Disclaimer: The syllabus is based on the topics from Spring 2023 and is subject to change.

Date	Time	Module	Topic	Lecturer	Summary	Material	Reading
20. 2. 2024	1 hour		Introduction and Overview	Ryan/Mrinmaya/Florian	The lecturers will contextualize large language models in NLP and computer science more broadly. Thereby, we will also motivate why the topic necessitates a separate course. We will also go over the course schedule and logistics.	Introductory Slides	Course Notes, § 1
20. 2. 2024	1 hour	Probabilistic Foundations	Basic Measure Theory	Ryan	Language modeling is about placing probability on infinite sets of strings. Measure theory is the primary tool used for the rigorous study of probability theory. This lecture shows why defining a language model rigorously requires a careful measure-theoretic treatment. We use the classic infinite coin toss model as an illuminating example. Then, we will get into some basic measure-theoretic definitions that will be useful in formally defining language models.		Course Notes, §§ 2.1 and 2.2, Du et al. A Measure-Theoretic Characterization of Tight Language Models.
23. 2. 2024	1 hour		Defining a Language Model	Ryan	We will continue to introduce definitions and facts from basic measure theory, building up to a formal definition of a language model, which will be our working definition throughout the class.		Course Notes, §§ 2.3 and 2.4, Du et al. A Measure-Theoretic Characterization of Tight Language Models
27. 2. 2024	2 hours		Tight Language Models	Ryan	The primary goal of this lecture is to introduce the notion of tightness, which will be a recurring theoretical concept in the first part of the course. Informally, a language model is tight when it only places probability mass on finite strings. We introduce the Borel-Cantelli lemmata and prove a precise characterization of tight language models.		Course Notes, § 2.5, Du et al. A Measure-Theoretic Characterization of Tight Language Models, Chen, Yining, et al. Recurrent Neural Networks as Weighted Language Recognizers
1. 3. 2024	1 hour	Modeling Foundations	The Language Modeling Task	Ryan	In this lecture, we introduce the language modeling task, which we define to be any attempt to learn a language model from finite data. We will discuss various objectives that one might wish to optimize to induce a language model from data. We also discuss various regularization techniques and their use in combatting overfitting.		Course Notes, § 3
5. 3. 2024	2 hours	Modeling Foundations	Finite-State Language Models	Ryan	Finite-state language models have a storied history in NLP. They are a natural generalization of n-gram models, which were the standard in the field from the 1980s till the late 2010s. In terms of theory, we introduce probabilistic finite-state automata as a generalization of finite-state automata from classic theory of computation. Additionally, we give a simple, closed-form characterization of tightness. We also show how Bengio et al. (2003), the first successful neural language model, is naturally viewed as a probabilistic finite-state automaton.		Course Notes, § 4.1 Bengio, Yoshua, et al. A neural probabilistic language model, Sun, Simeng, et al. Revisiting Simple Neural Probabilistic Language Models.

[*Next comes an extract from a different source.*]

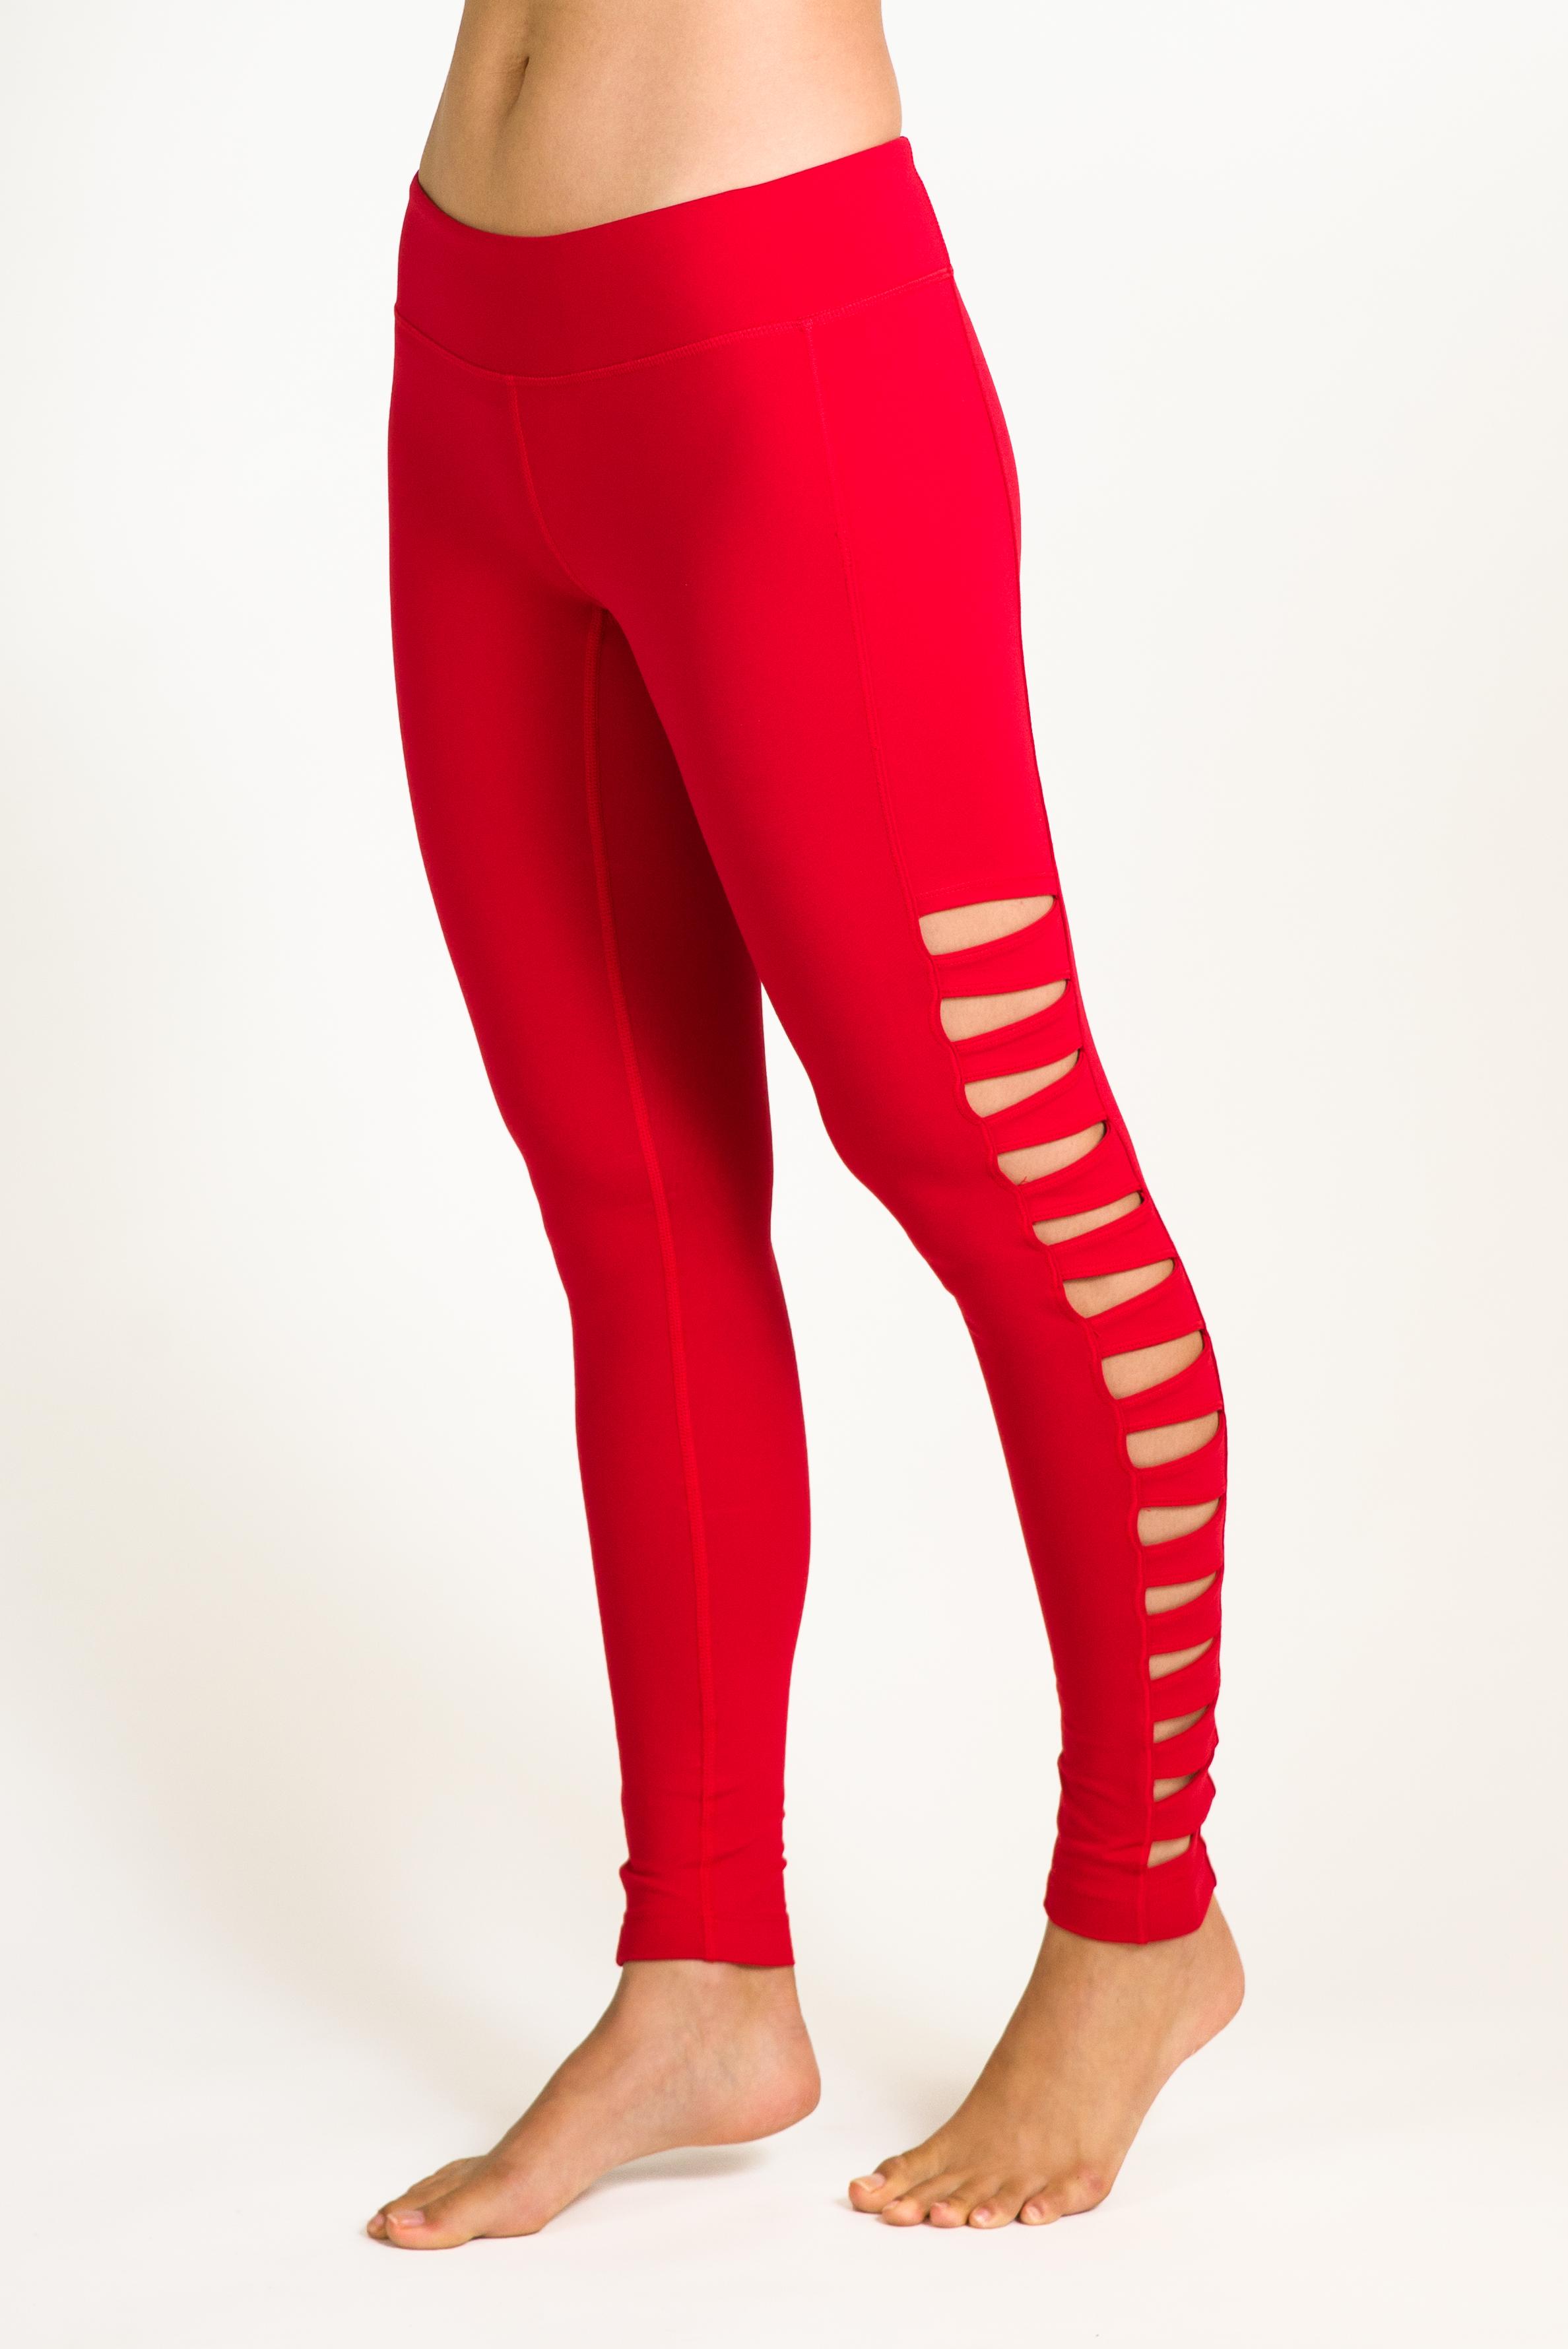 The Warrior Tough Cut Tights in Red

8. 3. 2024	1 hours	Neural Network Modeling	Recurrent Neural Language Models	Ryan	Finite-state language models, by construction, can only look at a finite amount of context. Recurrent neural networks are a formalism that overcomes this limitation. In this lecture, we give a formal definition of a recurrent neural language model (RNNLM). We give examples of tight and non-tight RNN LMs as well as characterize the vanishing gradient problem.		Course Notes, §§ 5.1.1–5.1.4
12. 3. 2024	1 hours		Representational Capacity of RNN LMs	Ryan	In this lecture, we explore the representational capacity of RNN LMs. We show that, if the activation function is a hard thresholding operation, then RNN LMs have the same expressive capacity as a finite-state LM. However, we show that RNN LMs can implicitly represent finite-state LMs that are much larger. Additionally, if the activation function is a saturated sigmoid or a ReLu and we assume infinite precision arithmetic, we show how an RNN can emulate a Turing machine.		Course Notes, § 5.1.6, Svete et al., Recurrent Neural Language Models as Probabilistic Finite-state Automata., Nowak et al., On the Representational Capacity of Recurrent Neural Language Models., Siegelmann H. T. and Sontag E. D. On the computational power of neural nets.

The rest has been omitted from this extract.